Data segment

---

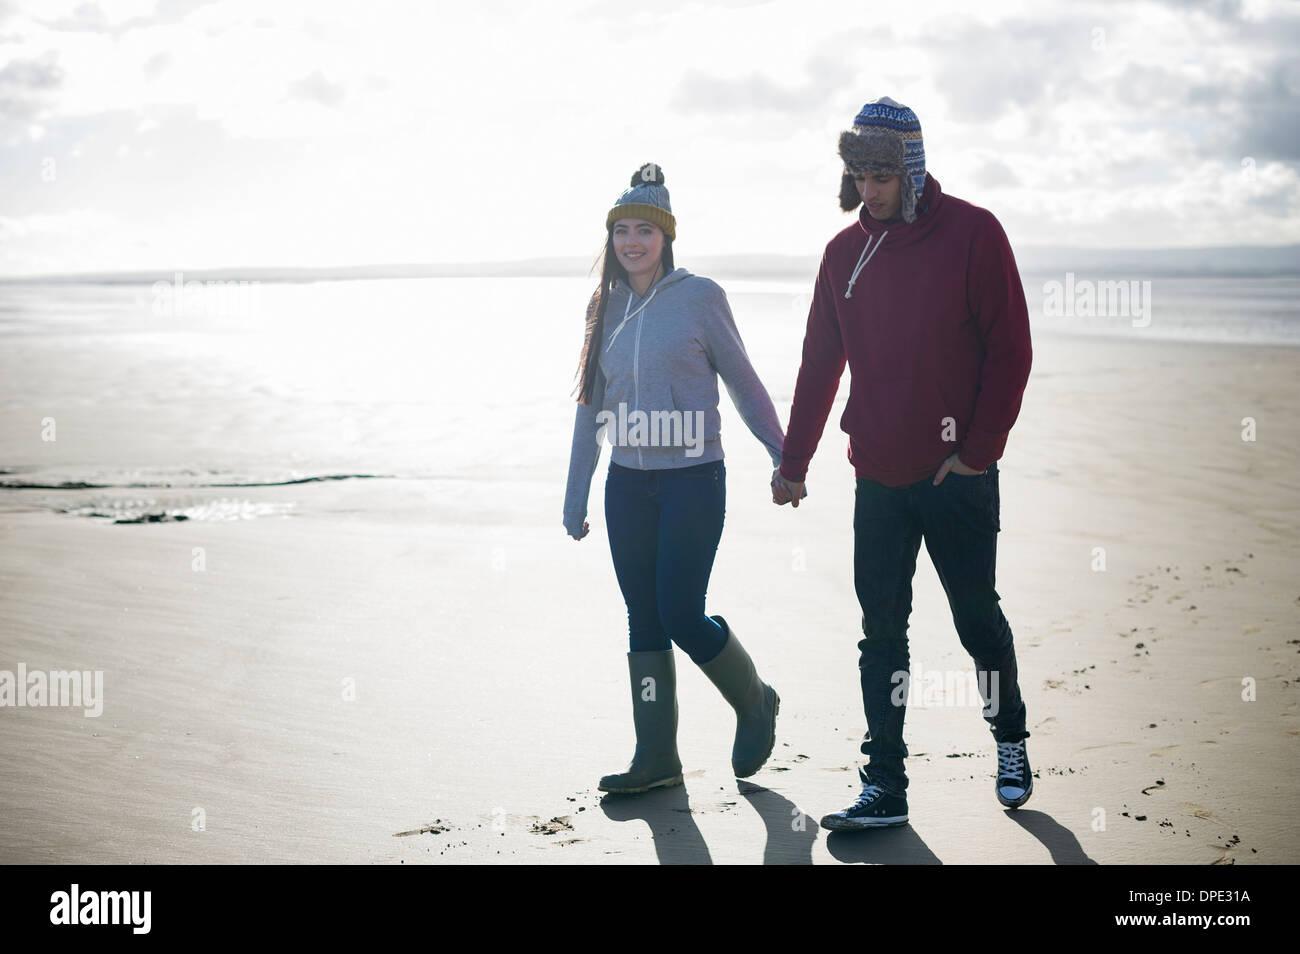 Junges Paar zu Fuß am Strand, Brean Sands, Somerset, England Stockbild
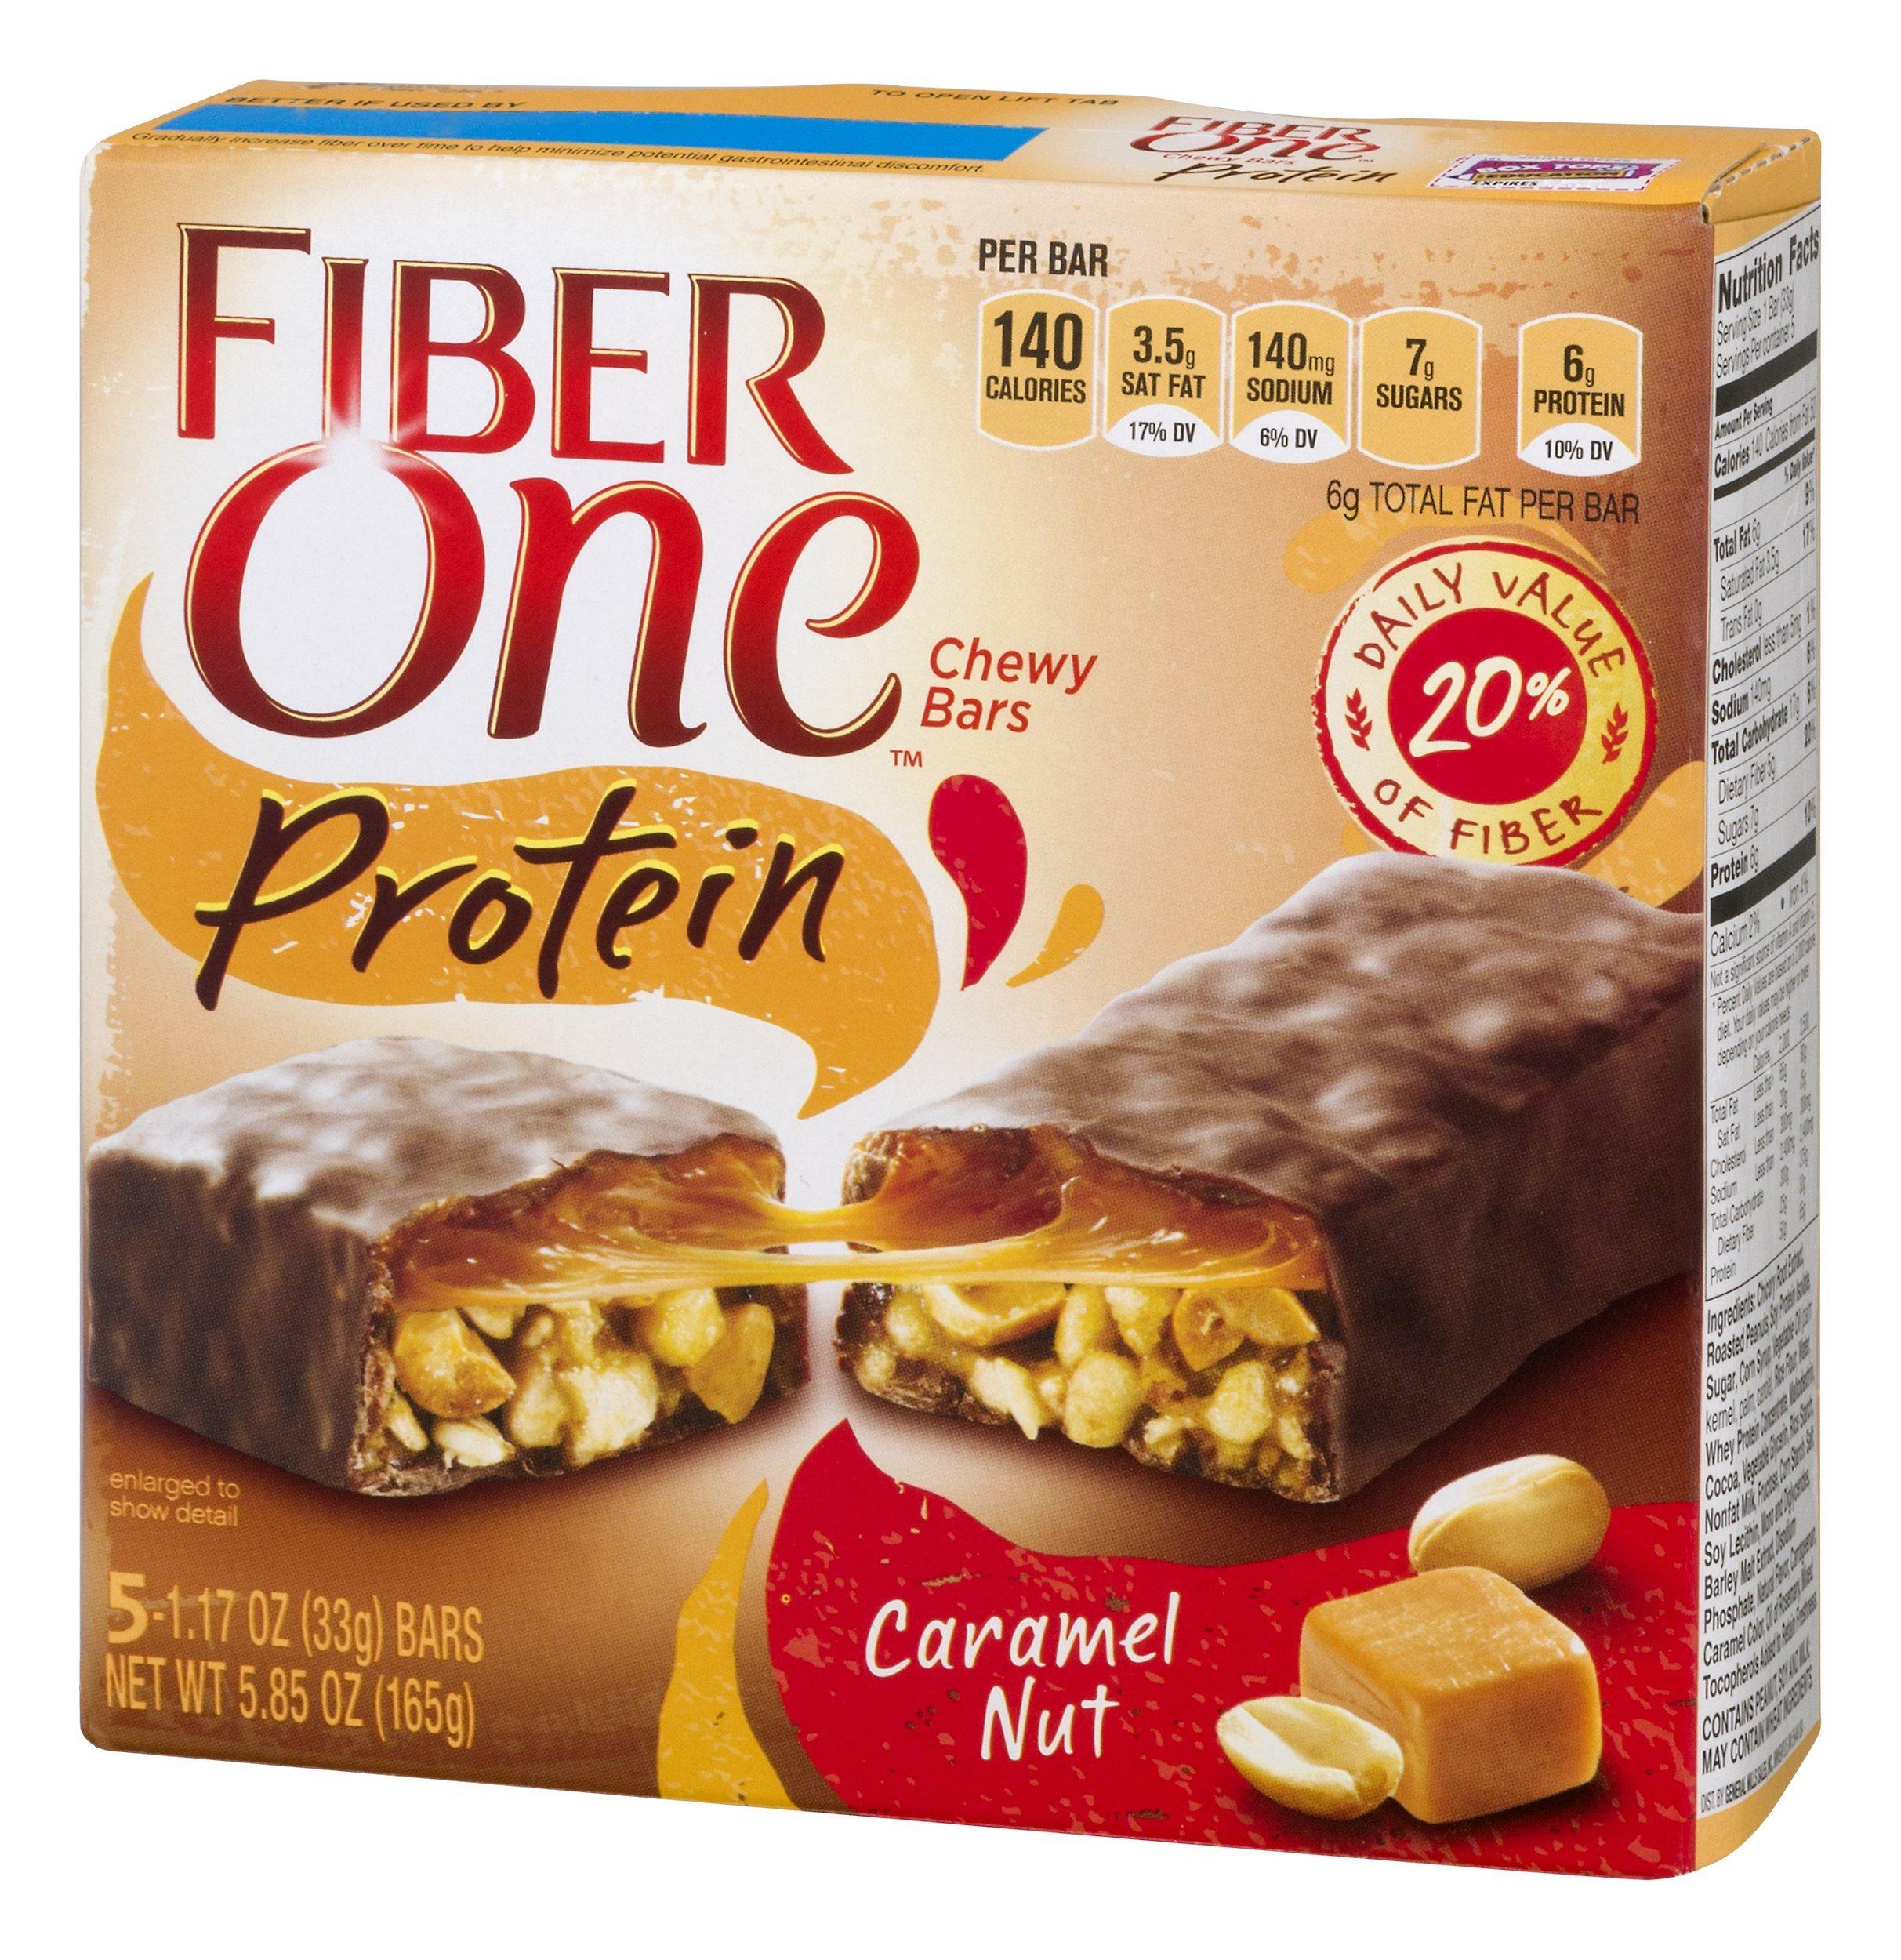 Fiber One Protein Bar, Caramel Nut Chewy Bars, 5 Fiber Bars, 5.85 oz by Fiber One
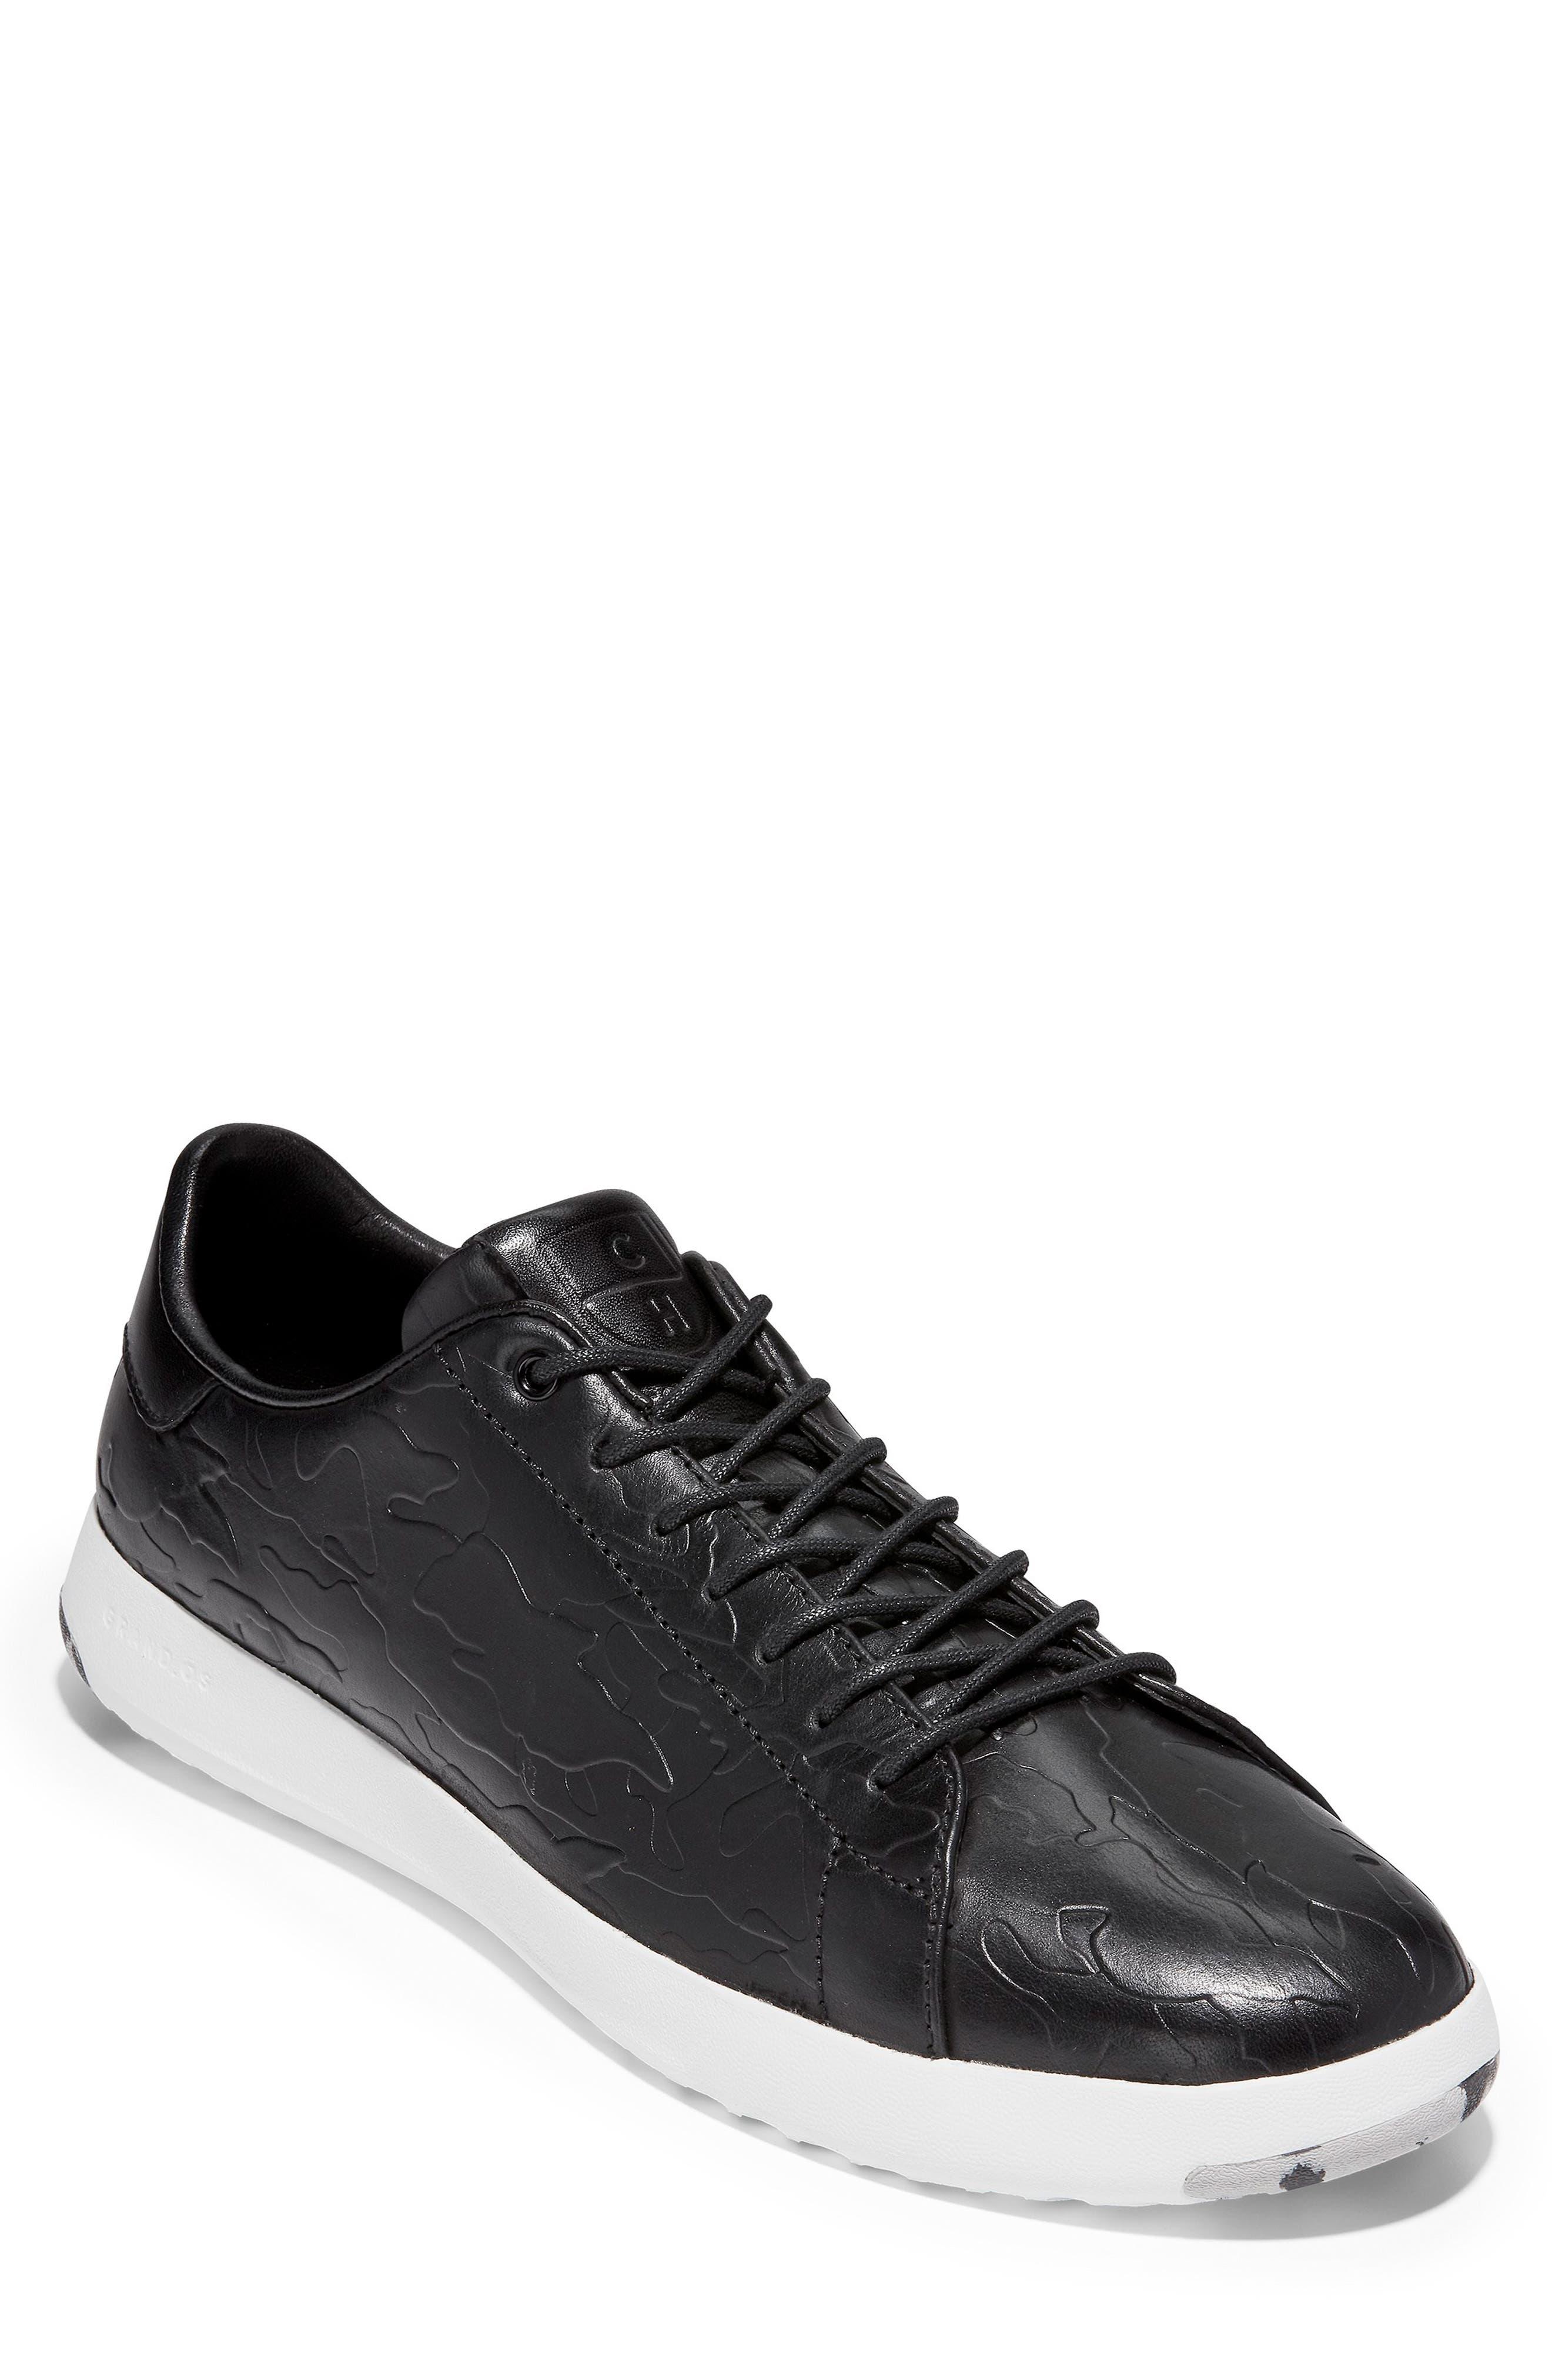 GrandPro Tennis Sneaker,                             Main thumbnail 1, color,                             BLACK/ CAMO LEATHER

---

Give back all the material exactly, with no pictures.

 Junges Paar zu Fuß am Strand, Brean Sands, Somerset, England Stockbild
 Fiber One Protein Bar, Caramel Nut Chewy Bars, 5 Fiber Bars, 5.85 oz by Fiber One
 GrandPro Tennis Sneaker,                             Main thumbnail 1, color,                             BLACK/ CAMO LEATHER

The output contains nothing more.